Can Casual Employees Take Sick Leave?

Are you a casual employee and wondering if you're entitled to sick leave? Here is everything you need to know about your leave entitlements.

12th September 2019

What is a casual? 

Casual employment is irregular, uncertain, unpredictable and intermittent. Unlike full time employment, casual employment means your working the amount you work may vary. Due to the nature of casual employment, you are not entitled to paid sick leave or annual leave. The Australian Fair Work Commission defines a “casual” as someone that: 

  • Has no guaranteed hours of work
  • Usually works irregular hours
  • Has the ability to terminate employment without notice, unless there is no contracted notice period

However, unlike other types of employment, employers pay a “casual loading” on top of your base rate of pay.
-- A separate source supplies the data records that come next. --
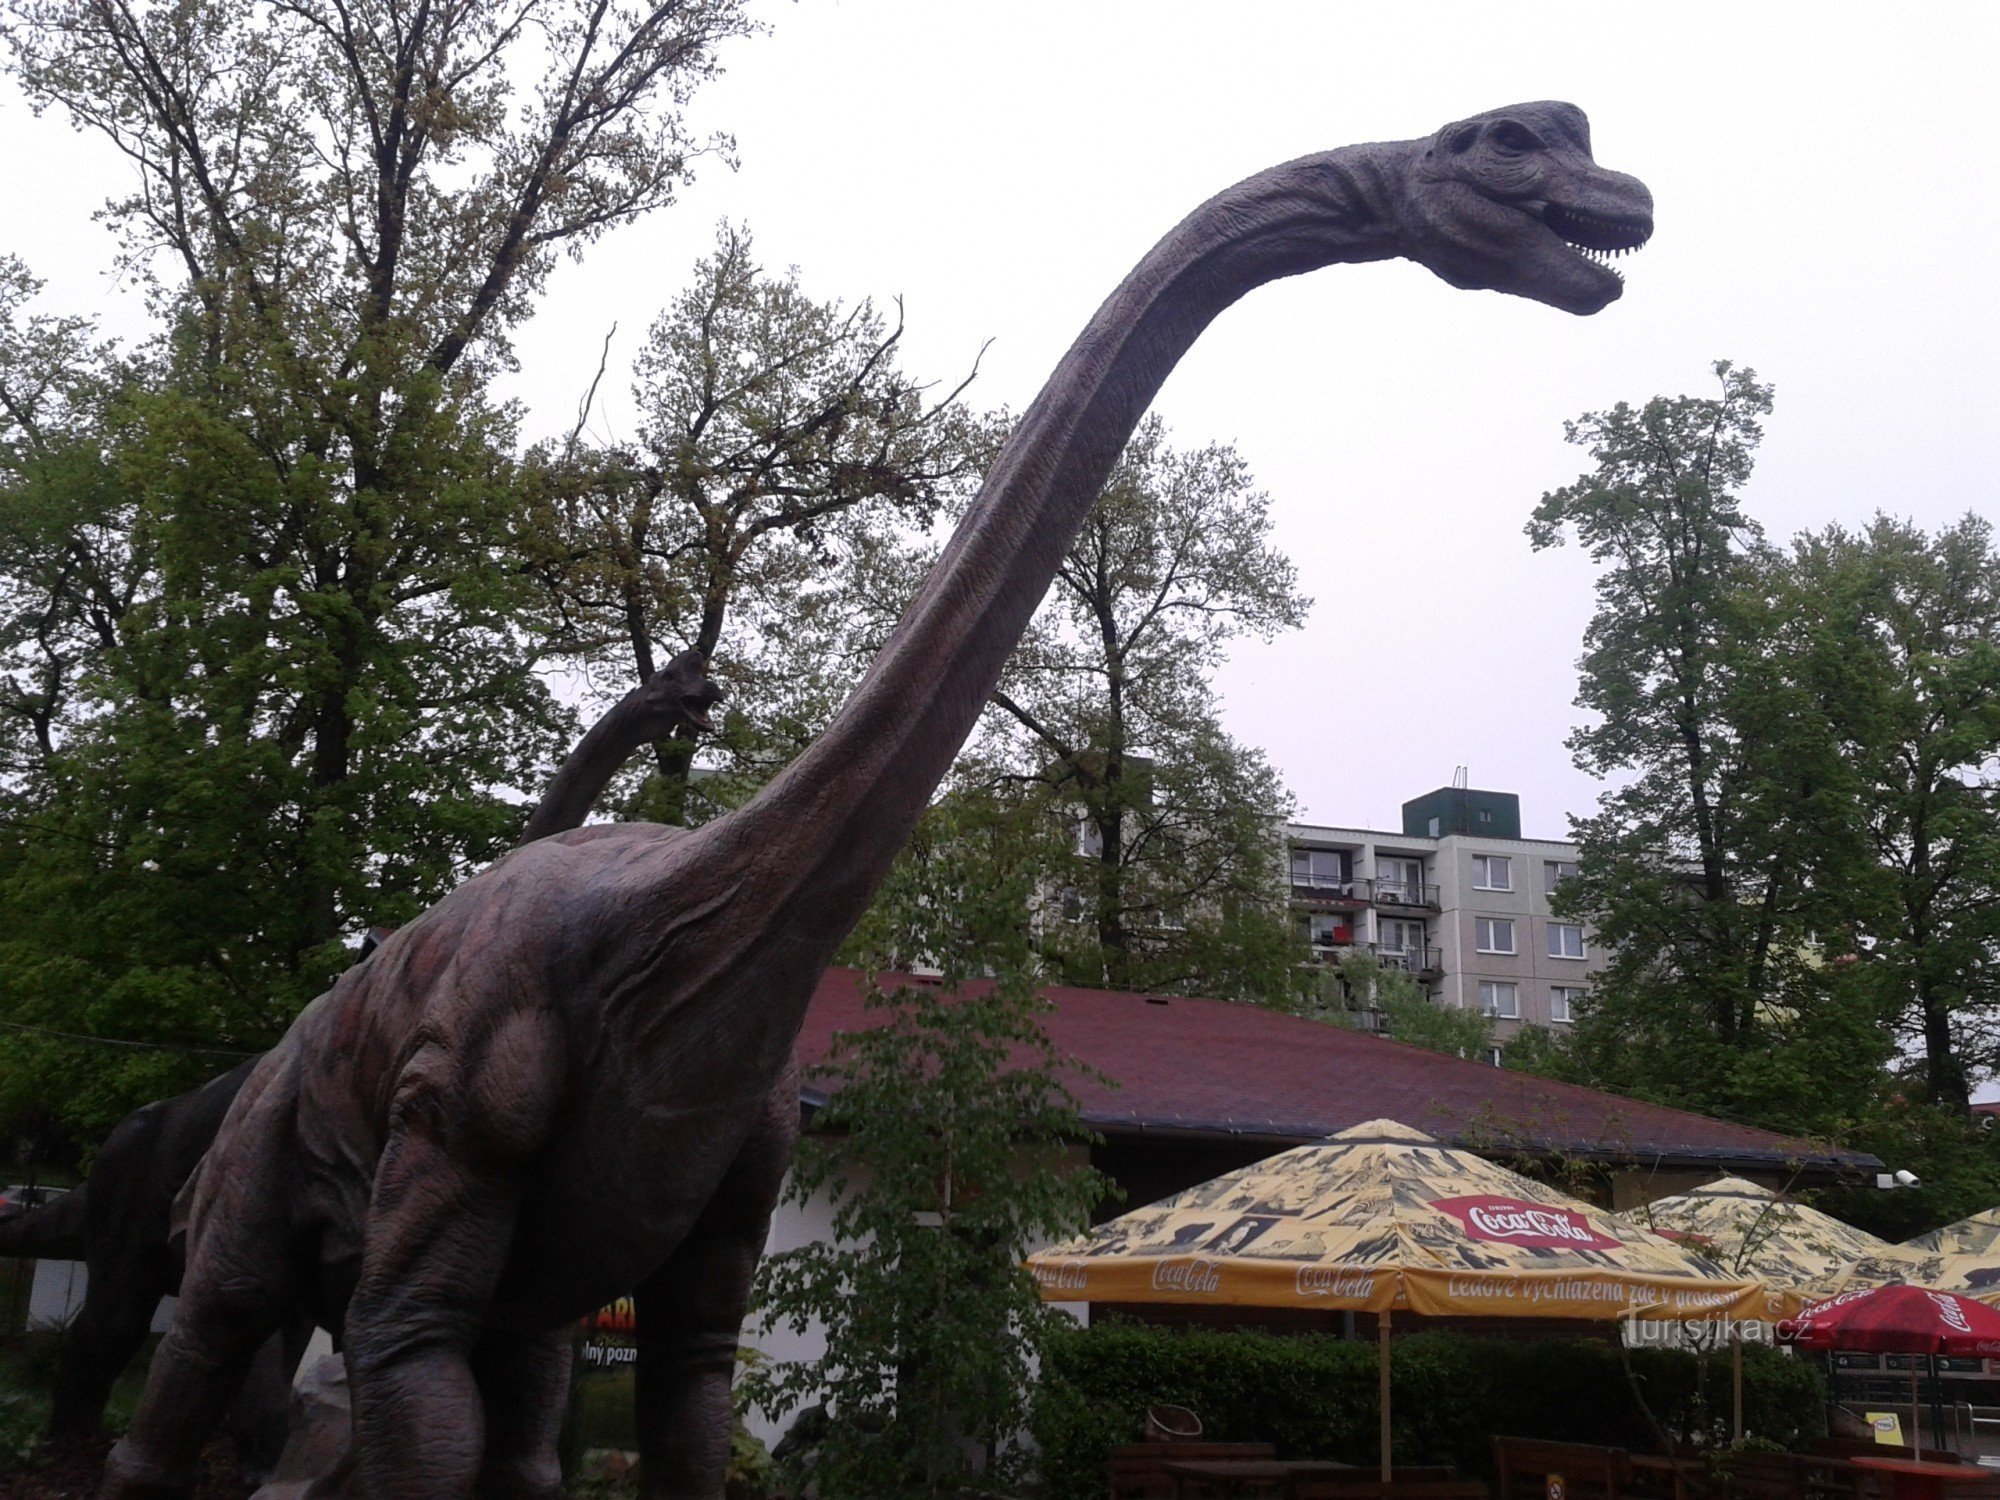 Dinopark Pilzno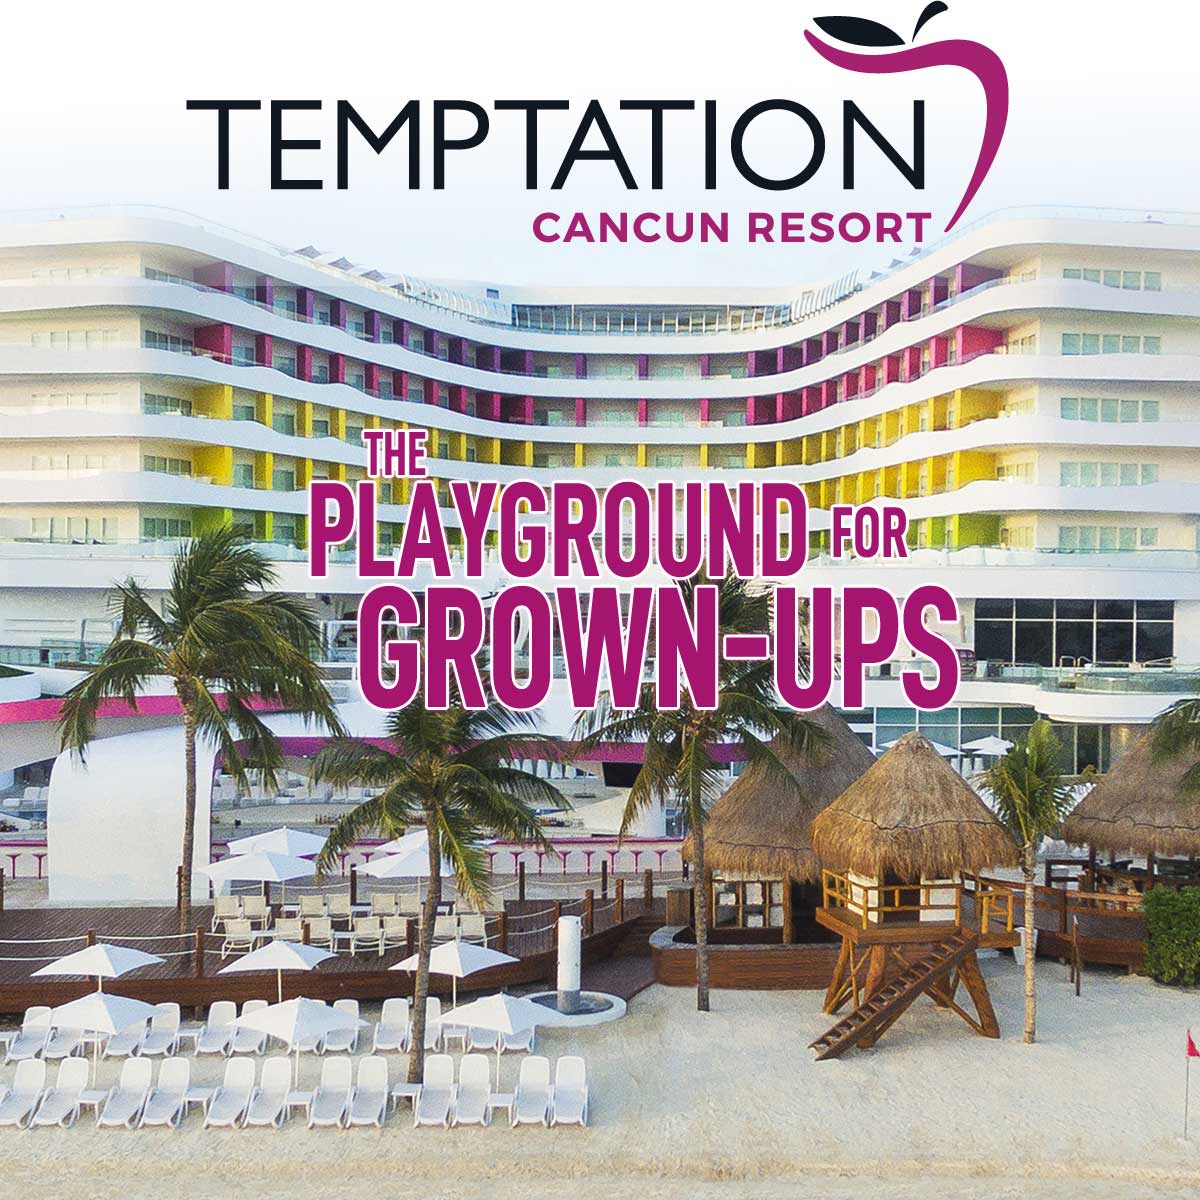 Temptation Cancun picture photo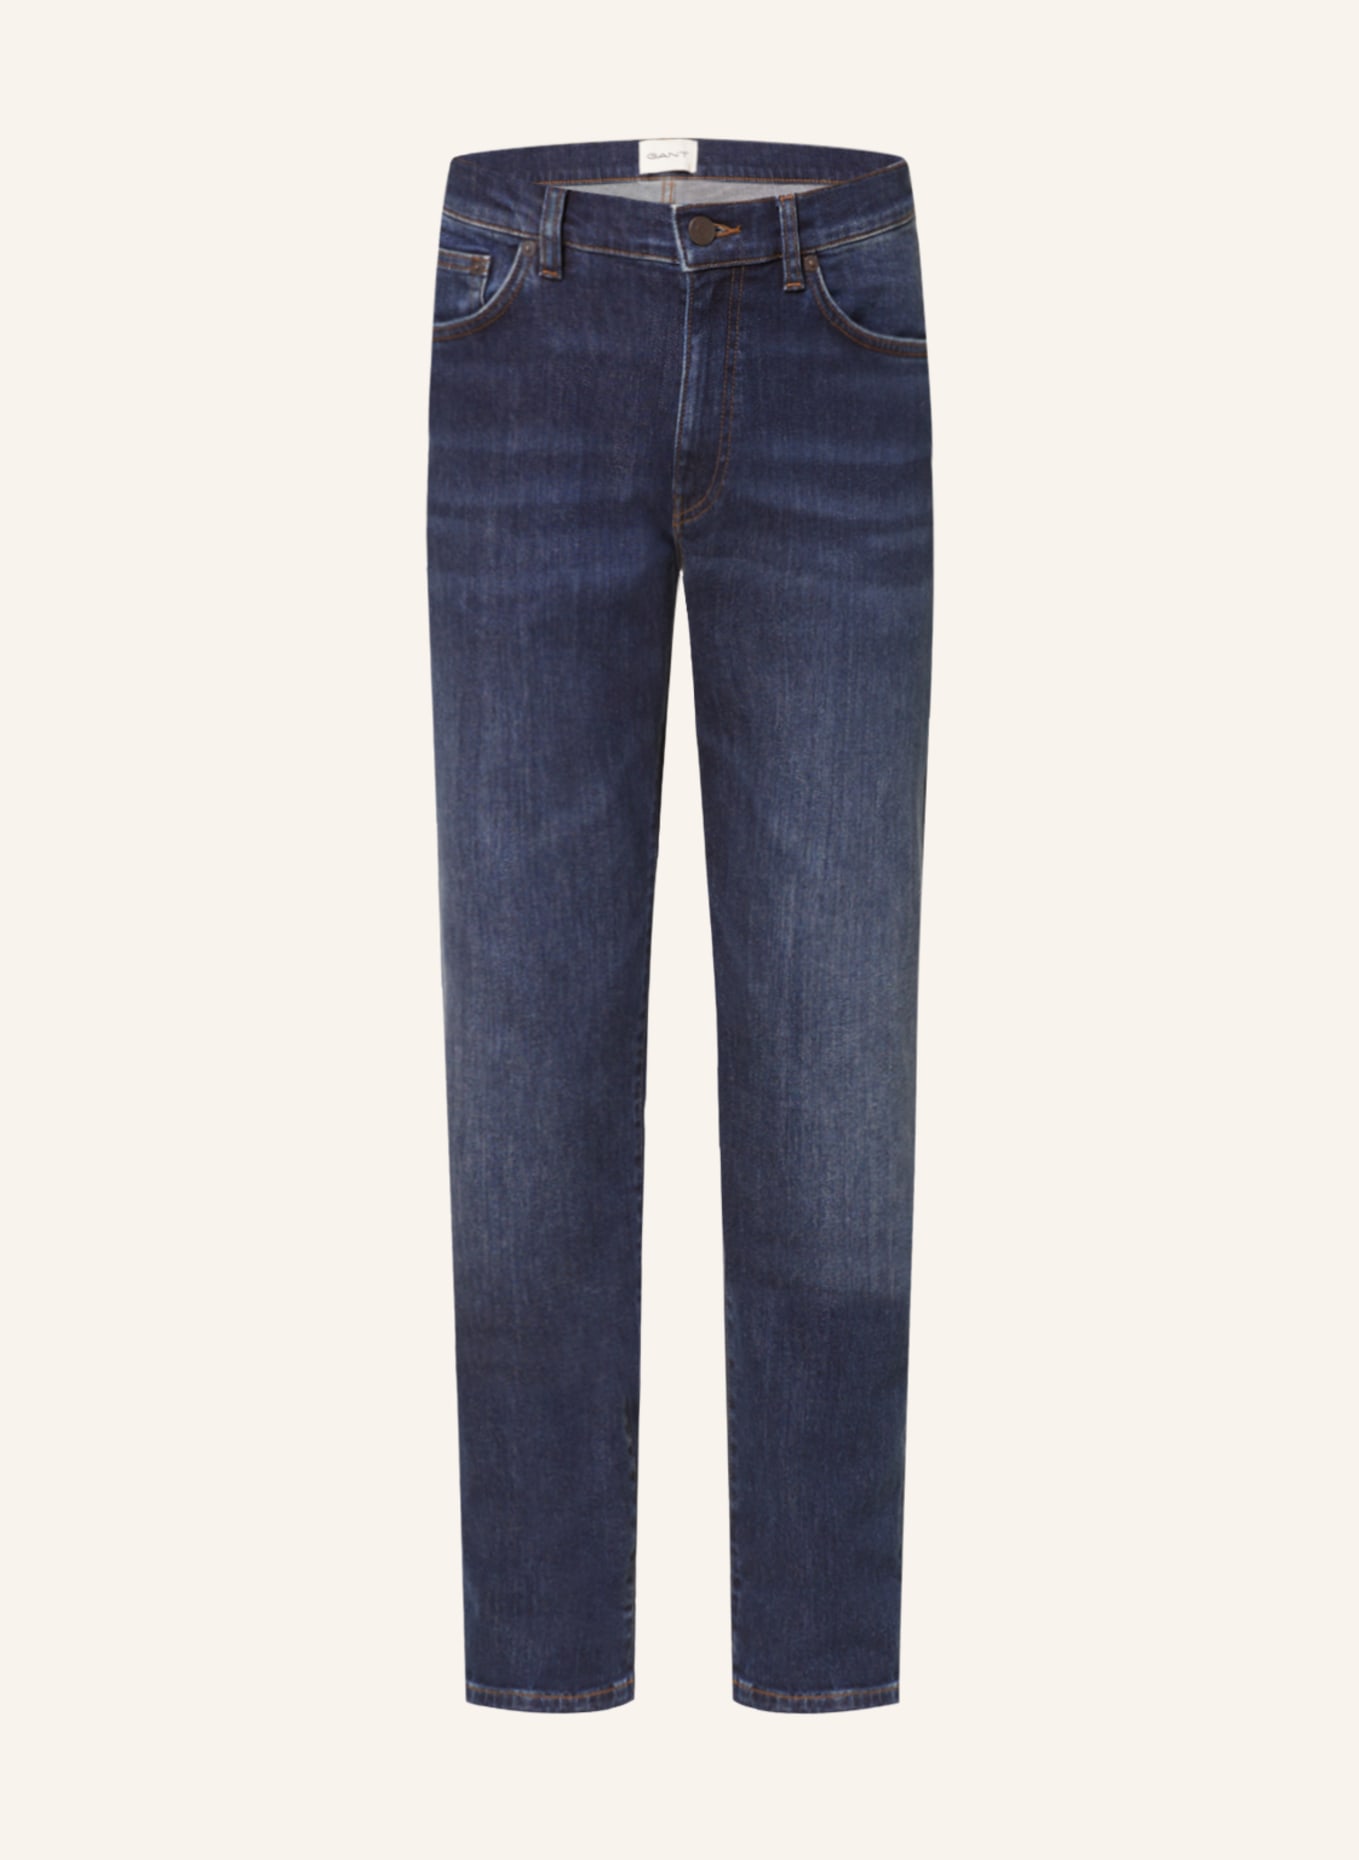 GANT Jeans Slim Fit, Farbe: 961 Dark Blue Worn In (Bild 1)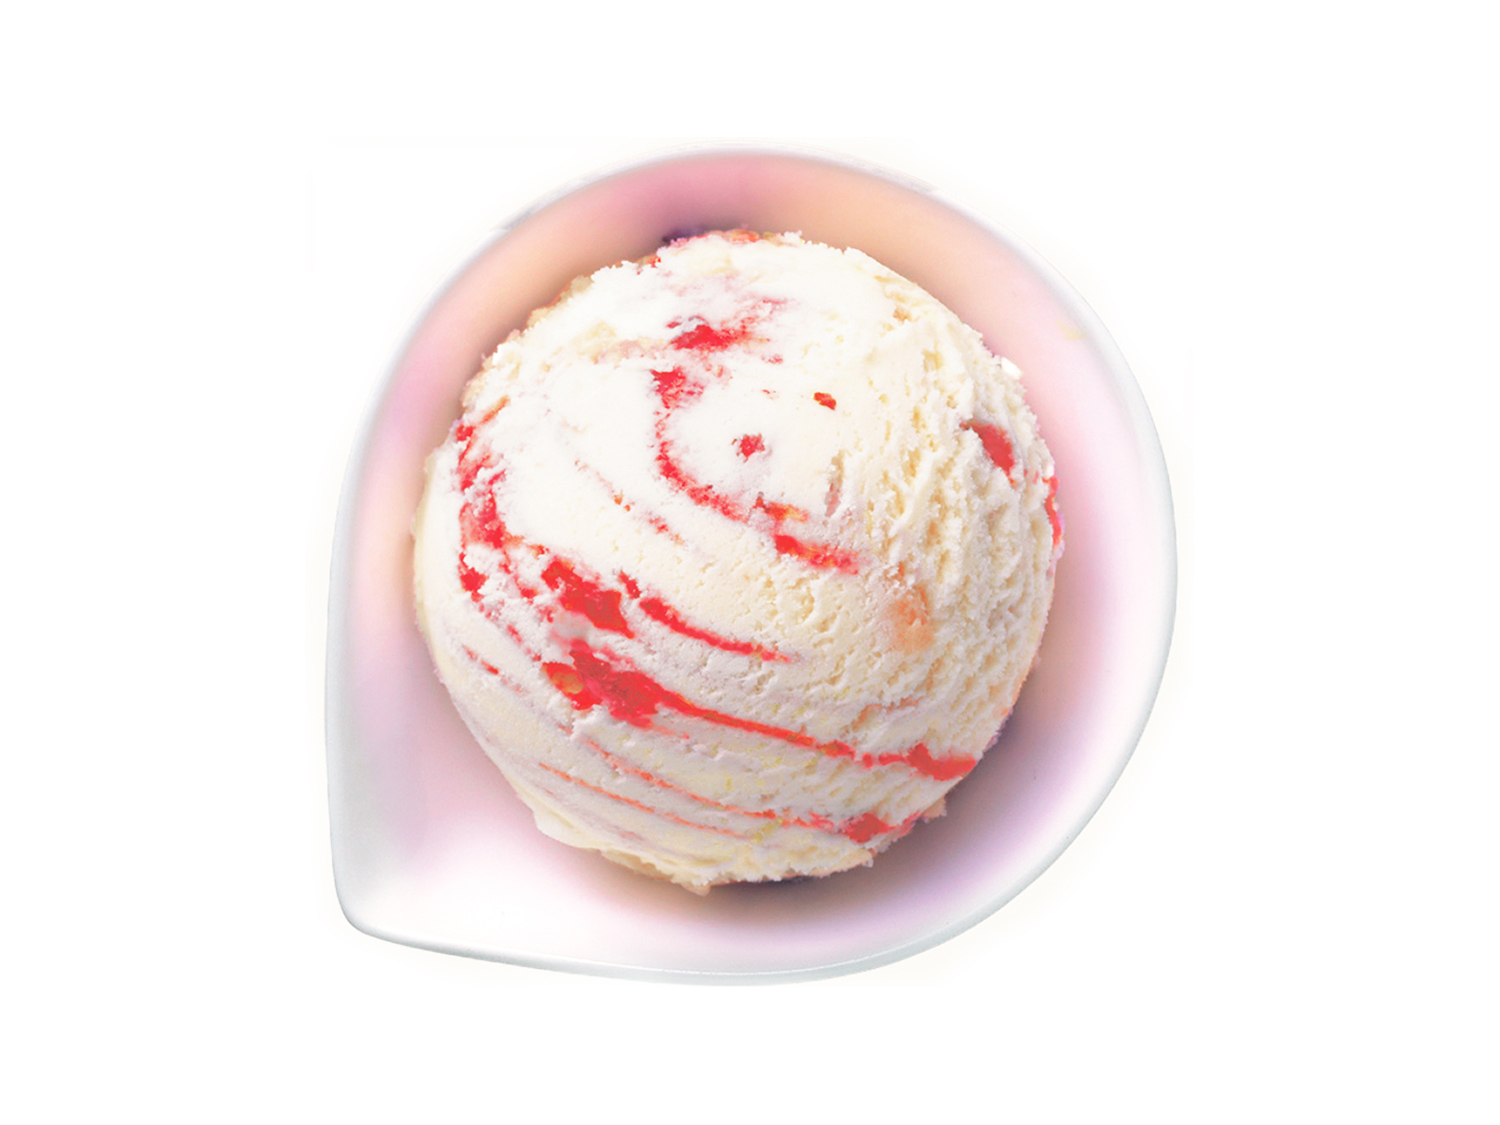 業務用アイスクリーム 業務用バルクアイス ロッテアイス バラエティ いちごのショートケーキ 通信販売 業務用アイスクリームやジェラート 冷凍フルーツなら Sweet Kiss

This payment is a substitute for any entitlements that are listed under the National Employment Standards under the Fair Work Act 2009 (Cth). As a result, you get a higher rate of pay to the equivalent full-time or part-time employee. However, you do not get any benefits such as sick leave. A casual is quite attractive for a prospective employer as they do not have to worry about entitlements such as rights to hours, notice periods and termination. Furthermore, an employer can claim an offset for the extra “loading” that they pay to casuals come tax time pursuant to the Fair Work Amendment (Casual Loading Offset) Regulations 2018

What type of leave can a casual take?

A casual can take up to: 

  • Two days unpaid carer’s leave
  • Two days unpaid compassionate leave
  • Five days unpaid family and domestic leave in a twelve-month period
  • Unpaid community service leave, from time to time

Are you really a casual? 

Interestingly, there has been a trend in Australian case law towards distinguishing a casual employment relationship if it is not really casual in nature. Basically, if you have “regular and systematic” casual employment you may not be a casual per se, but rather be another type of employee. If so, you have other entitlements such as sick leave and annual leave.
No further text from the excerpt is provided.